◆ **Work item**
Starting with the line with "android illustration background" in the entries below and going on through the line with "Illustration Throw Pillow", output every line exactly and nothing more. No pictures.

◆ **Dataset**
= = =
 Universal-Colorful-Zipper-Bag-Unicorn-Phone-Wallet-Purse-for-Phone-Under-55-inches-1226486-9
= = =
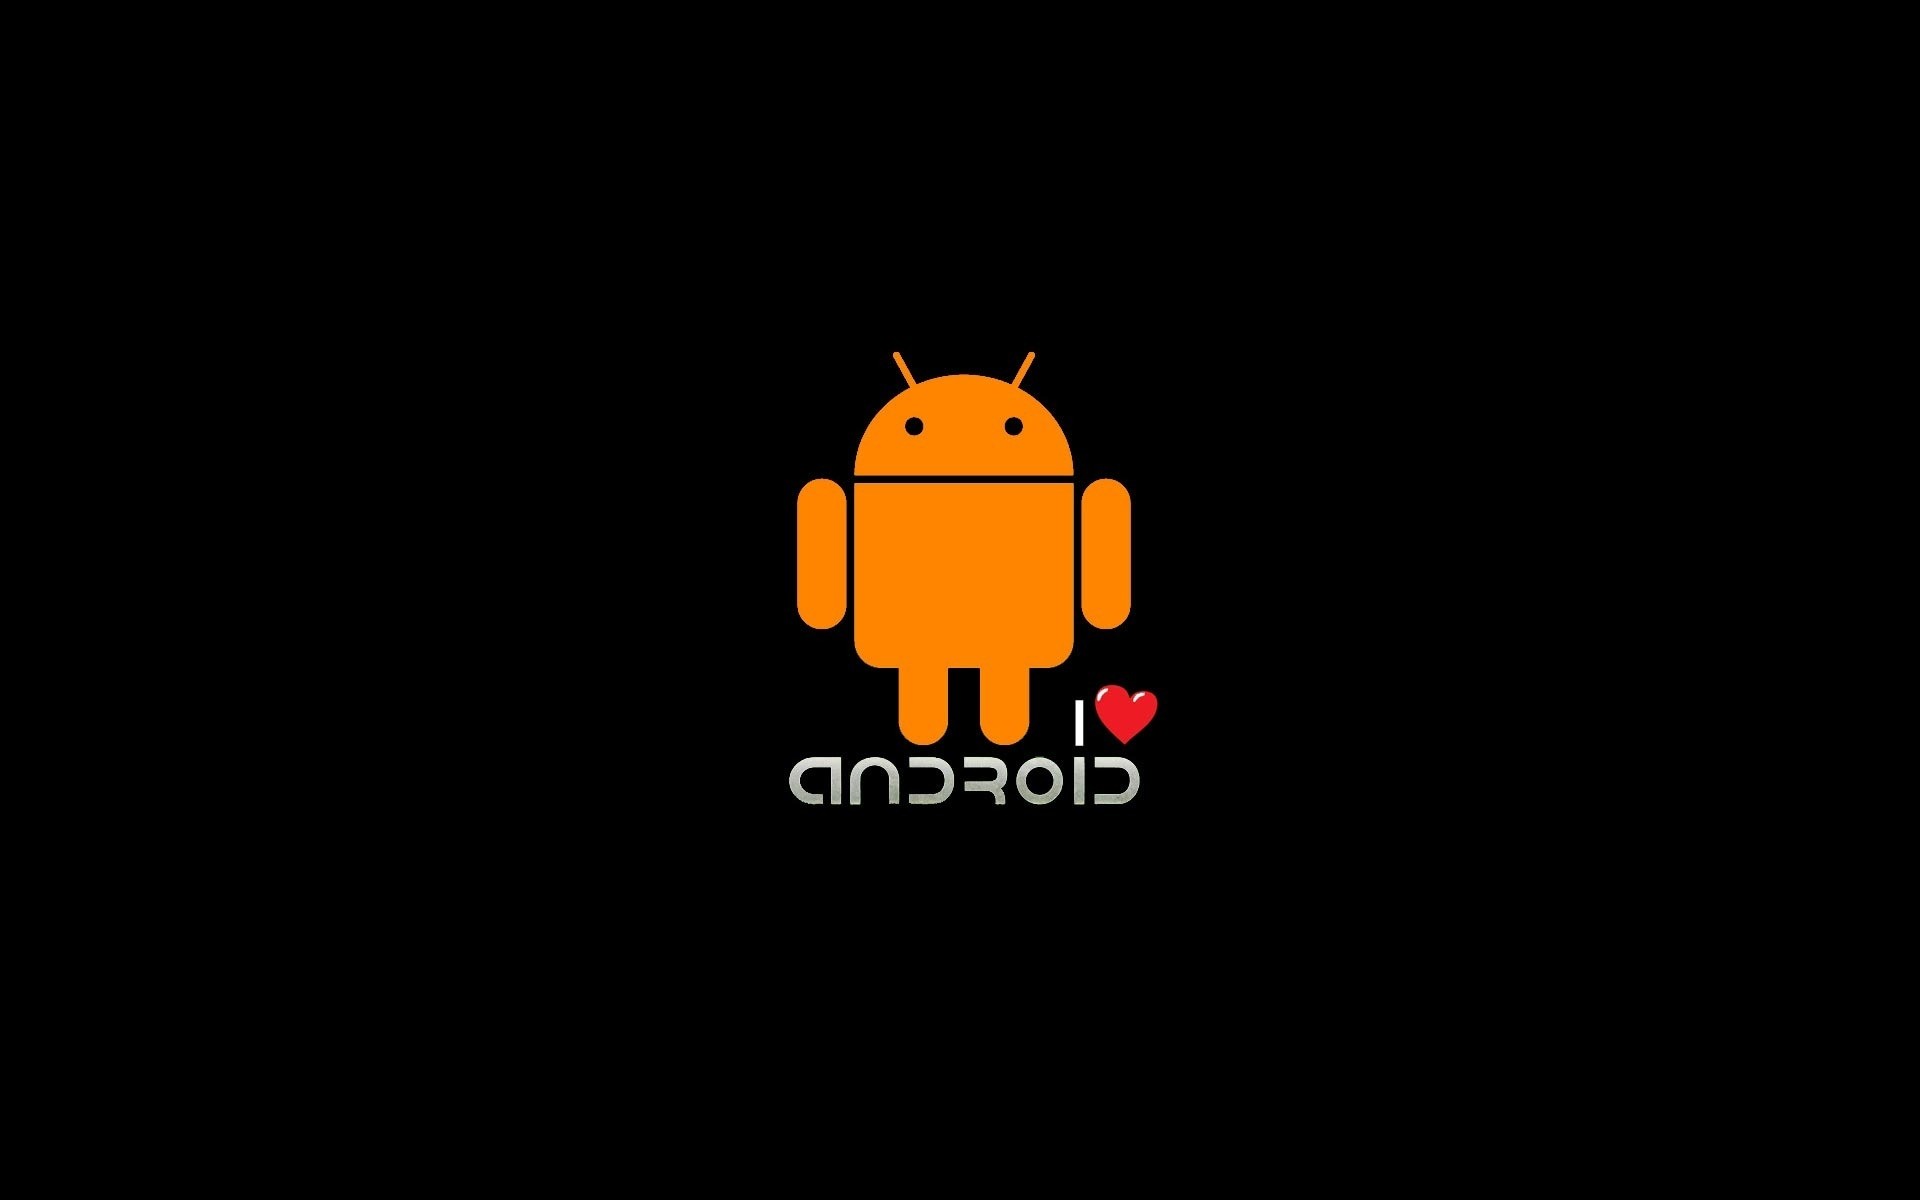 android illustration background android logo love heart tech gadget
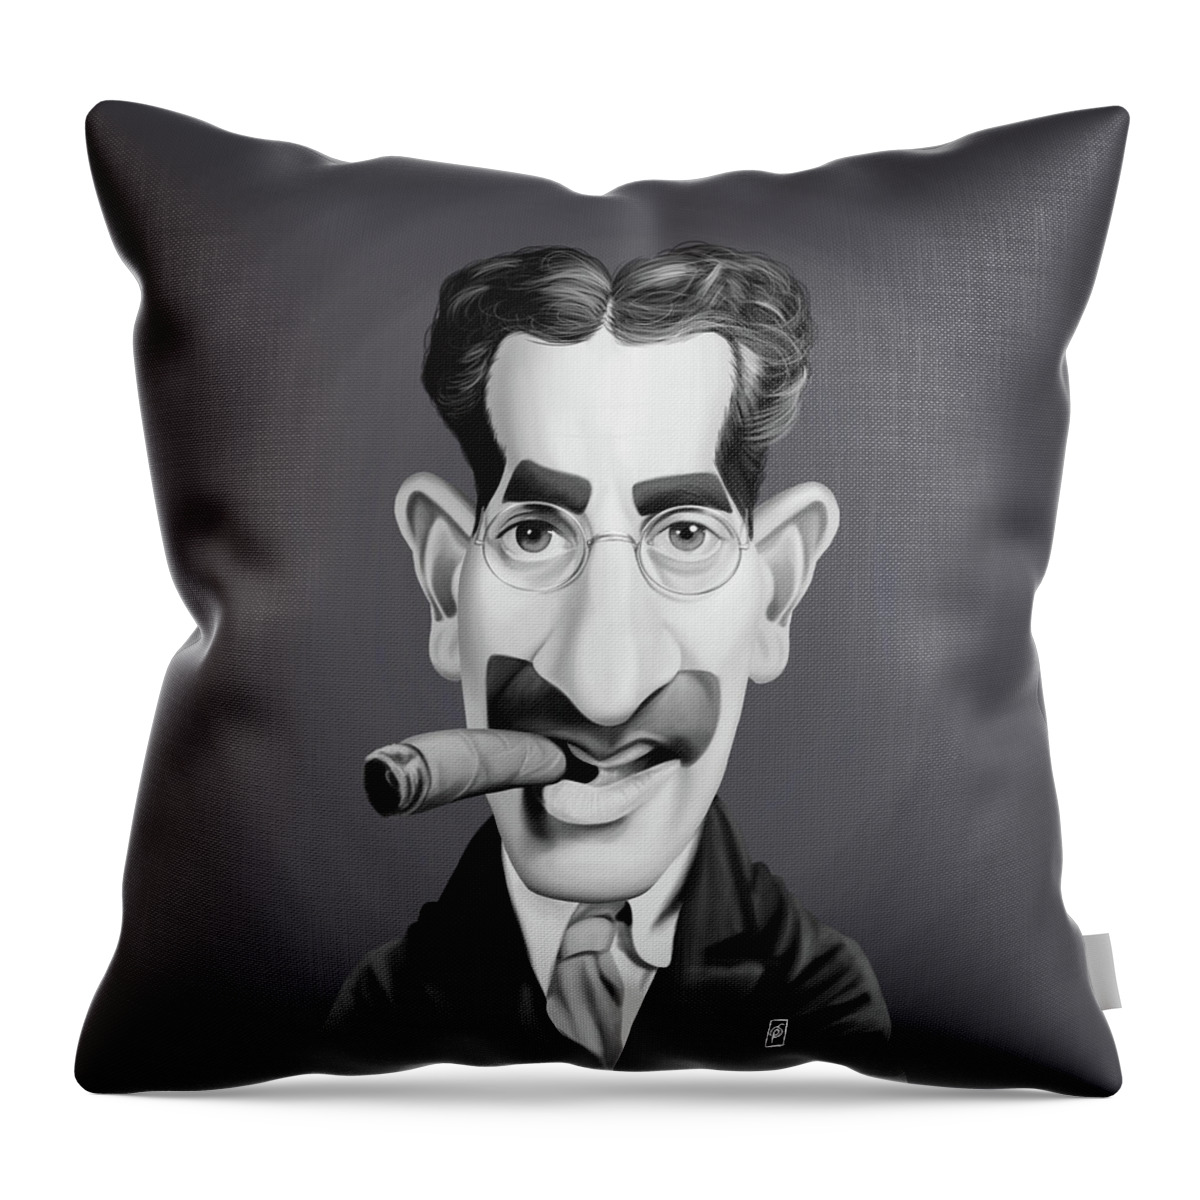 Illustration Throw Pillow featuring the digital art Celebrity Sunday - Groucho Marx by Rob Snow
= = =
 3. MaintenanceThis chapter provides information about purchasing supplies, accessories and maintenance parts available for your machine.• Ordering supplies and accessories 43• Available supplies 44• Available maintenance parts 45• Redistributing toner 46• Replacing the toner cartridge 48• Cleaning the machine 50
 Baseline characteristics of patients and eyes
= = =
◆ **Problem solution**
 android illustration background android logo love heart tech gadget
 Illustration Throw Pillow featuring the digital art Celebrity Sunday - Groucho Marx by Rob Snow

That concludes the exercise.